The latest numbers from USDA Rural Development show the Rural Energy for America Program, which was originally created in the 2002 farm bill, has awarded nearly $3 billion in grants and loan guarantees since it was reauthorized and given substantial funding in the 2008 farm bill. (Click here for a complete rundown of how REAP funds are spent.)

evaporativeFunding available under the program includes grants for up to 25 percent of total eligible project costs; combined grant and loan guarantee funding up to 75 percent of total eligible project costs; and loan guarantees on loans up to 75 percent of total eligible project costs.

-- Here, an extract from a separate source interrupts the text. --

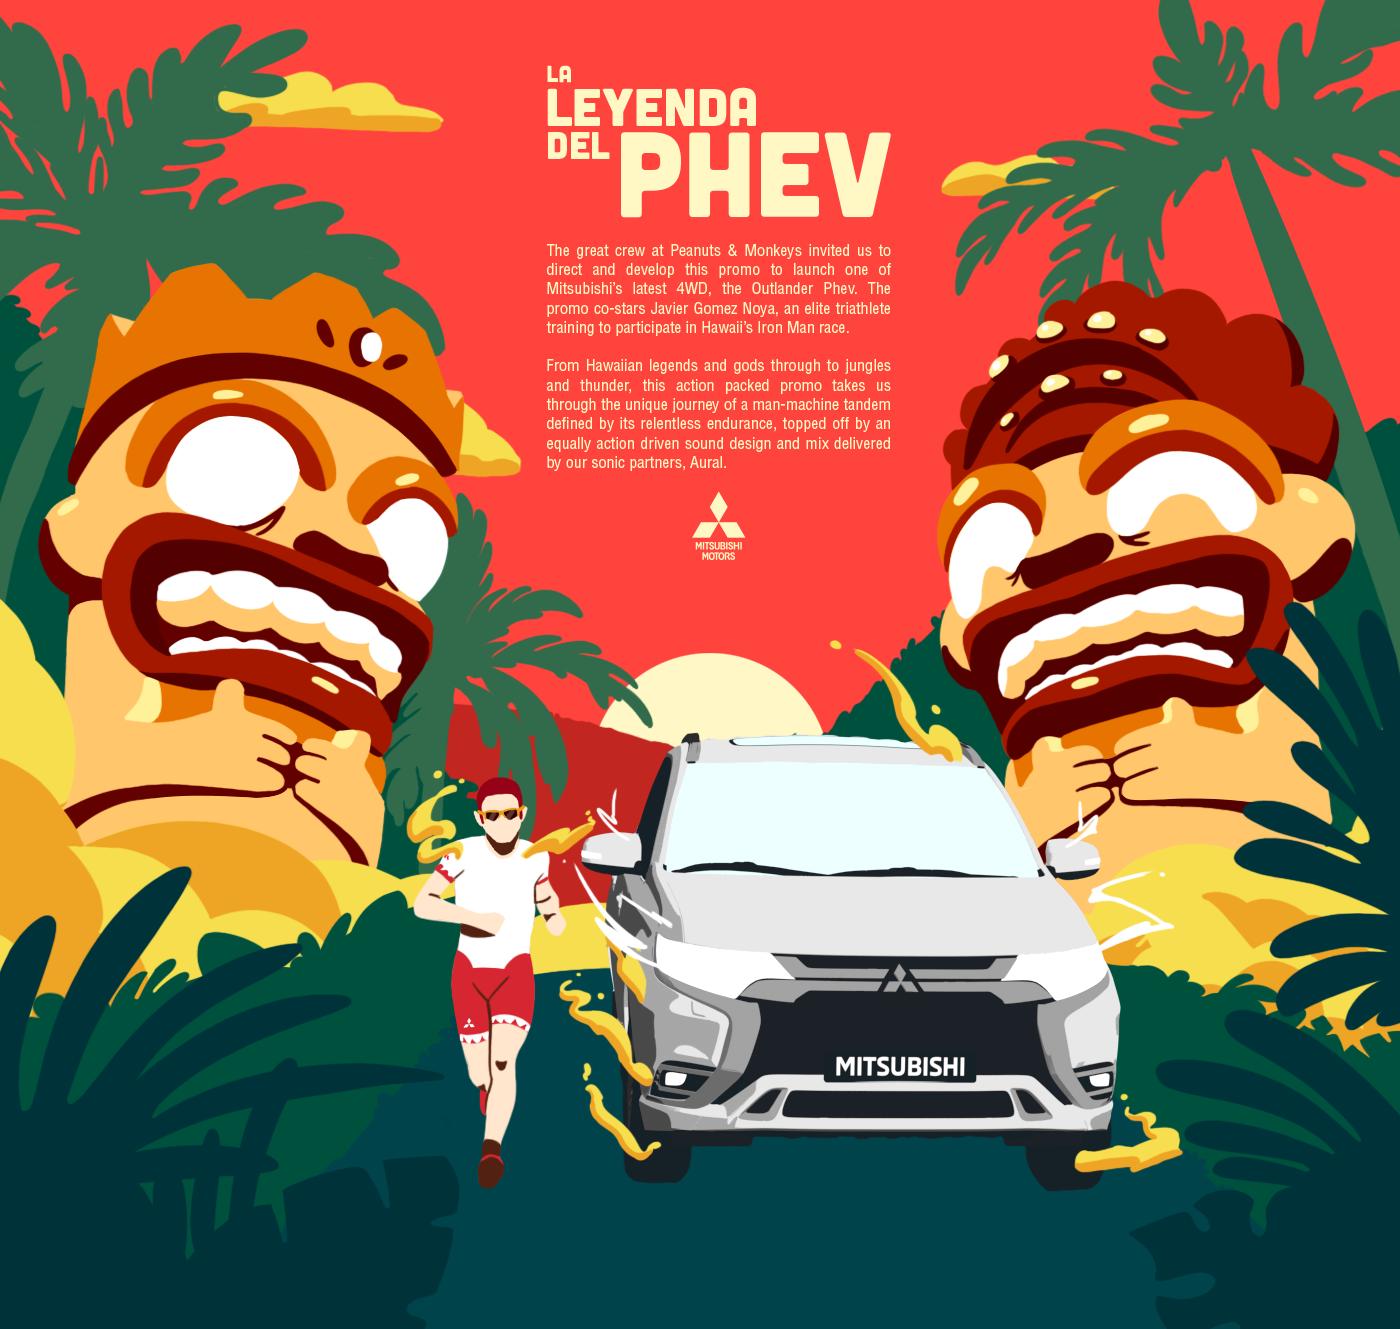 HAWAII,gods,2D,ironman,athlete,jungle,action,sports,explosions,car
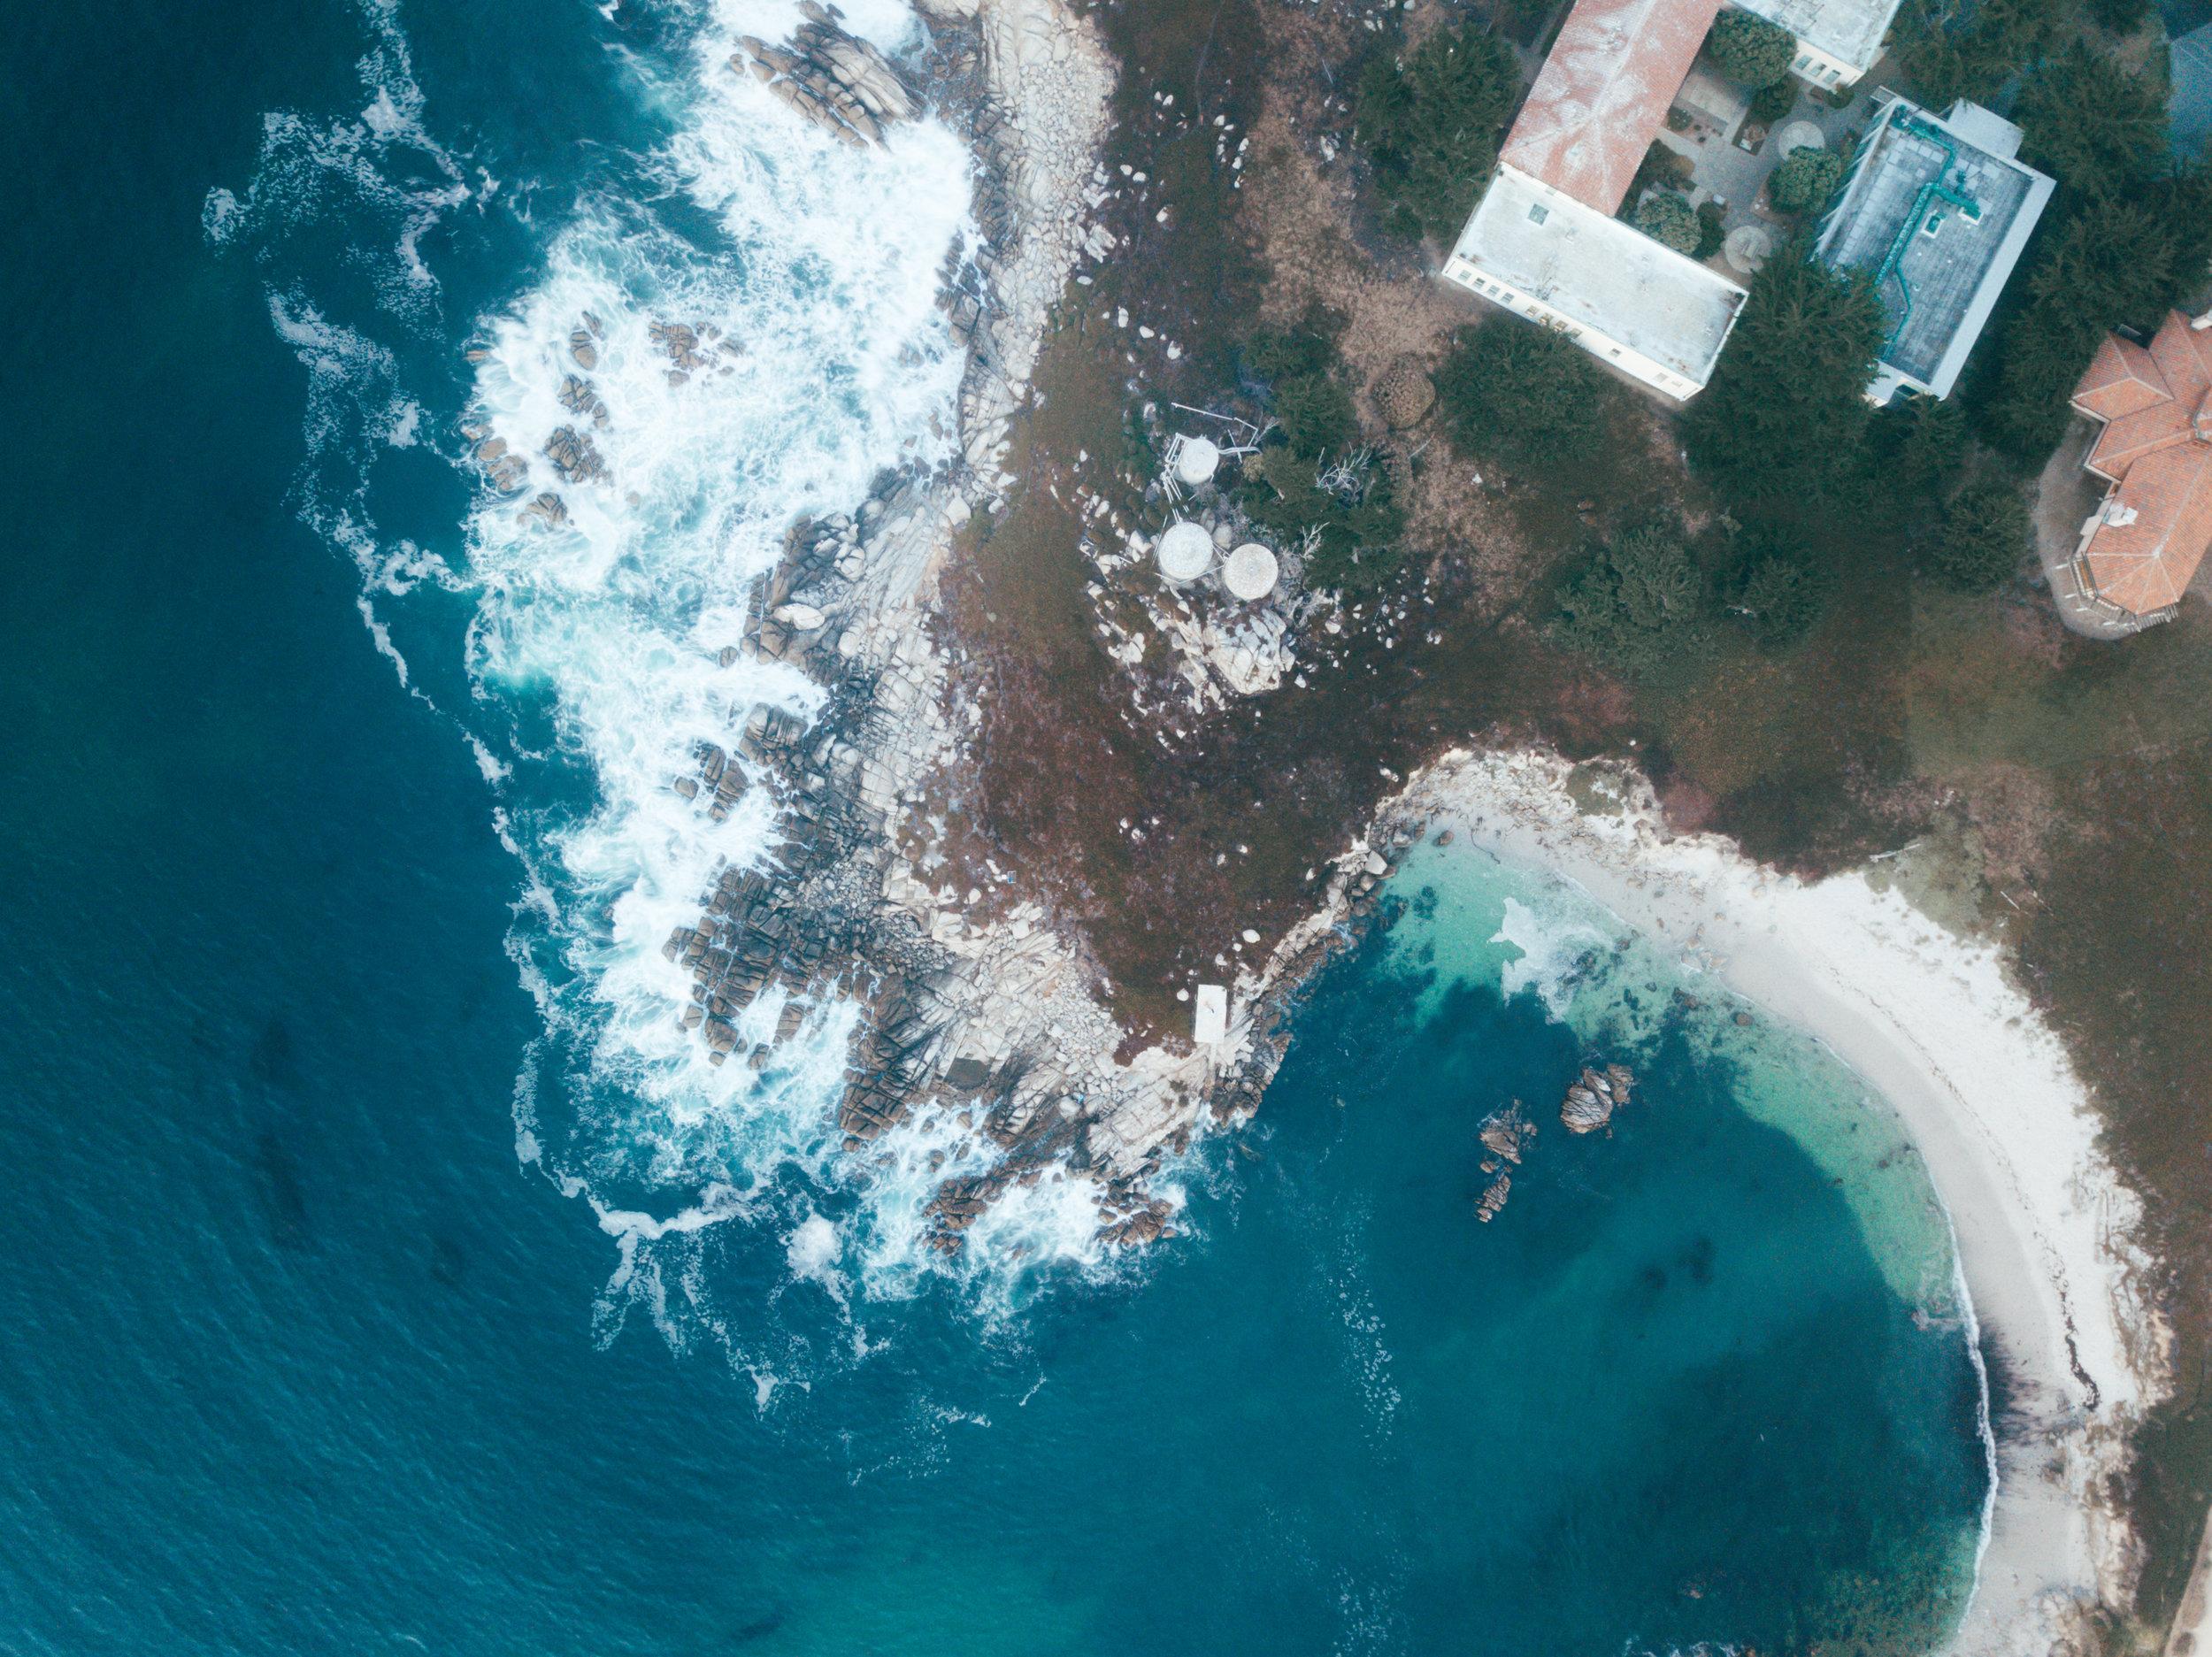 Stay_Driven_Monterey_Drone-1-4.jpg

Terms for renewable energy system grants are $2,500 minimum and $500,000 maximum, while the terms for energy efficiency grants are $1,500 minimum and $250,000 maximum.

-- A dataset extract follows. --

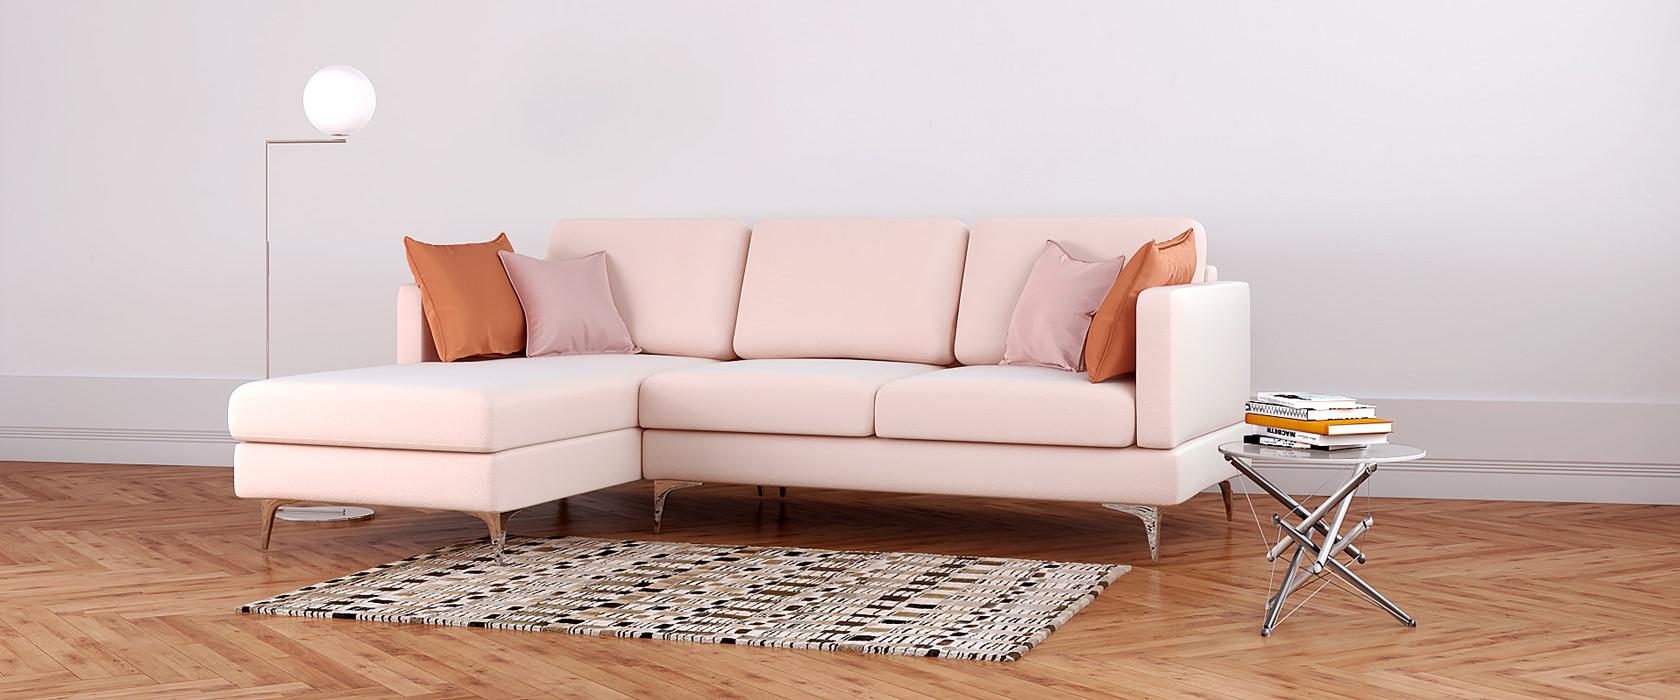 Кутовий диван Bruno Club - Фото 2 - Pufetto

From 2009 through 2016, 11,156 REAP grants totaling more than $357 million were awarded, while USDA used the program to guarantee 997 loans totaling $626.7 million over that same period.

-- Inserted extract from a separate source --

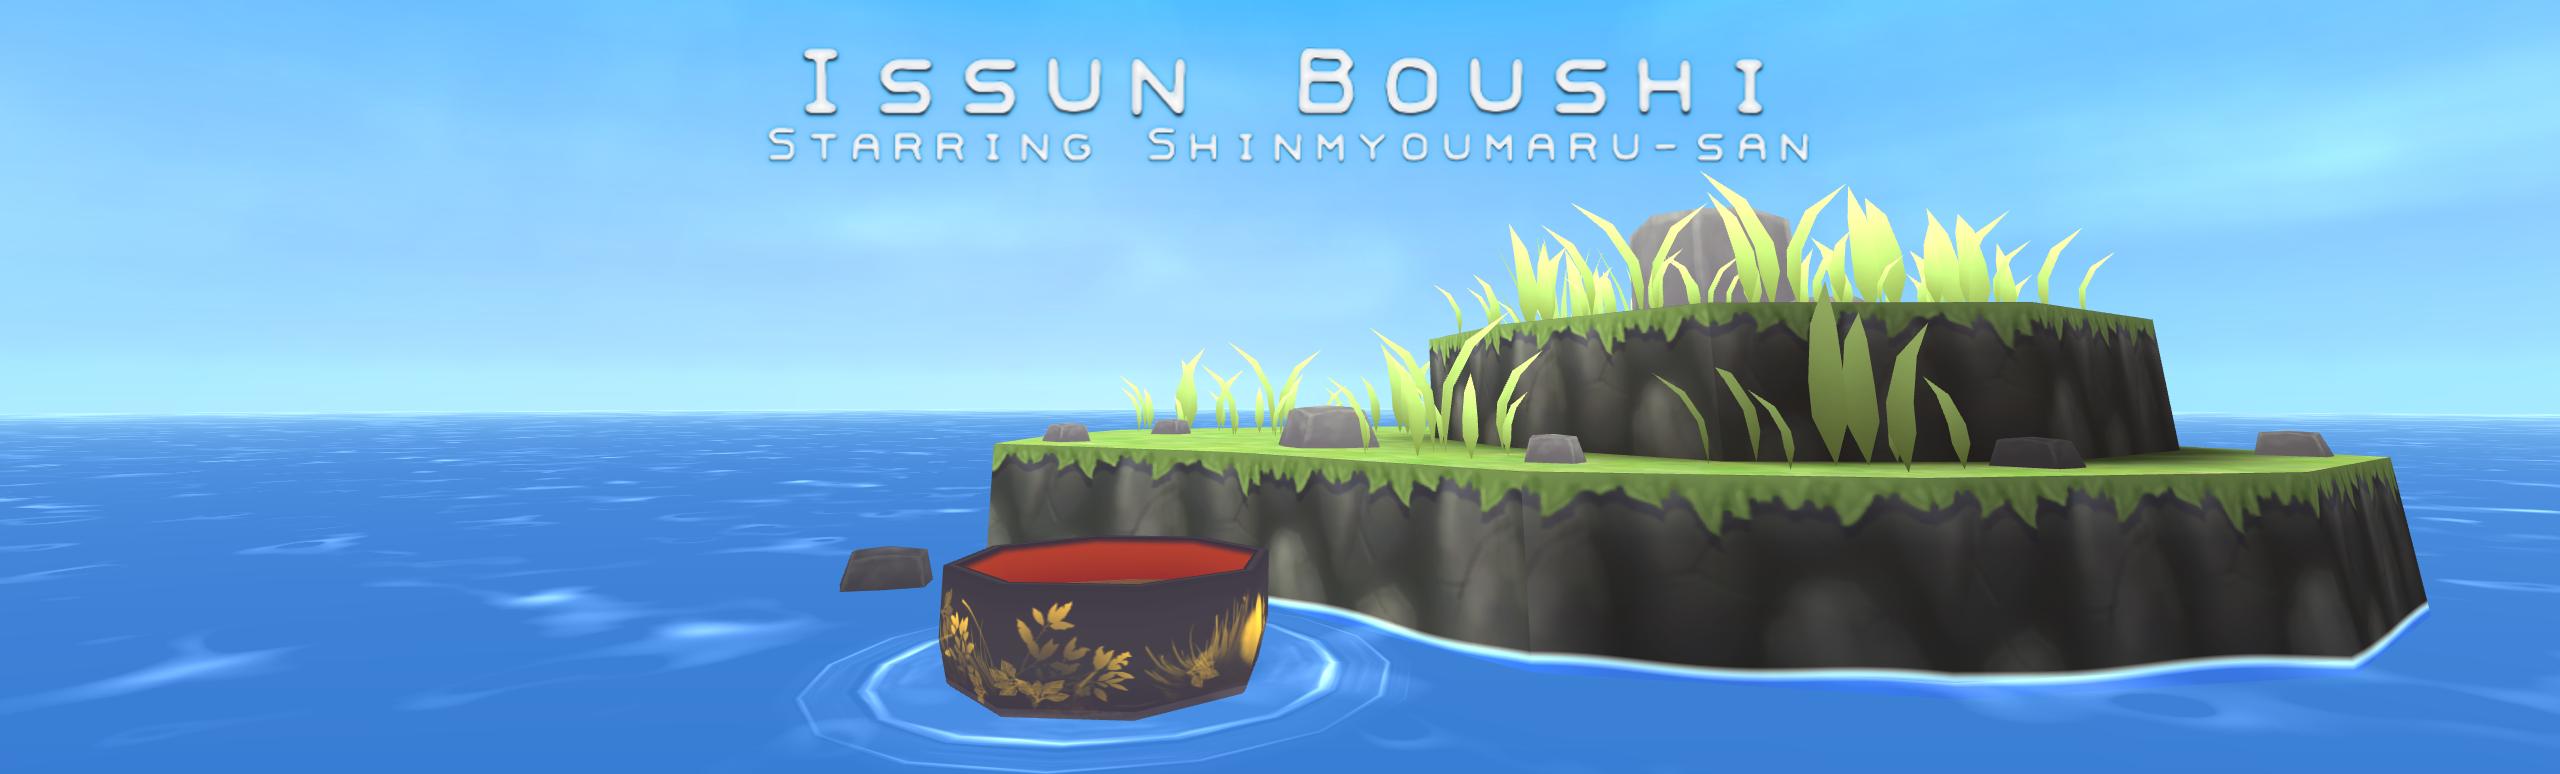 Issun Boushi Starring Shinmyoumaru-san

Some 60 percent of the projects funded (6,453) were energy efficiency projects. Over the eight years, they received $149.7 million in REAP grants, while the program guaranteed $52.8 million in loans. Eligible energy efficiency improvements include high efficiency heating, ventilation and air conditioning systems (HVAC); insulation; lighting; cooling or refrigeration units; doors and windows; electric, solar or gravity pumps for sprinkler pivots; switching from a diesel to electric irrigation motor; and the replacement of energy-inefficient equipment.

USDA says 4,289 renewable energy projects were awarded $193.4 million in grants or had loans totaling $572.9 million guaranteed. The money can be used to purchase, install and build renewable energy systems, such as biomass (for example: biodiesel and ethanol, anaerobic digesters, and solid fuels); geothermal for electric generation or direct use; hydropower below 30 megawatts; hydrogen; small and large wind generation; small and large solar generation; and ocean (tidal, current, thermal) generation.

Agricultural producers have had the greatest number of applicants receiving REAP money, some 7,150, compared to 3,870 small rural businesses. But producers held only a slight edge in grants received – $182 million – laid against the $175.2 million to small businesses. The latter group held a whopping 9-1 advantage in loan guarantees, with REAP making $562.9 million available to cover their loans compared to the $62.9 million put up for ag producers. And small businesses also had a huge lead in total project costs, nearly $3 billion compared to the $761.4 million in total costs estimated for ag producer projects.

Iowa, with its national leadership in wind energy capacity and production, has received by far the most in grant money among states, nearly $48 million, with Minnesota following at $19.75 million. Other states recording big REAP grant totals over the 8-year period were Ohio ($15.9 million), Illinois ($14.2 million), Georgia ($13 million), North Carolina ($12.9 million), Indiana ($12.4 million), Nebraska ($11.5 million) and California ($10.9 million).

North Carolina, a major poultry and pork producer, led by far in the amount of loans guaranteed by REAP, $333.9 million. And the state led in total project costs at $838.8 million. Other states with sizeable loan figures include Oregon ($69.5 million), Iowa ($37.2 million) and Minnesota ($19 million).

Other states ranking high in costs for projects receiving REAP funding include Iowa ($238 million), Oregon ($176.4 million), Georgia ($135.7 million) and Ohio ($112.7).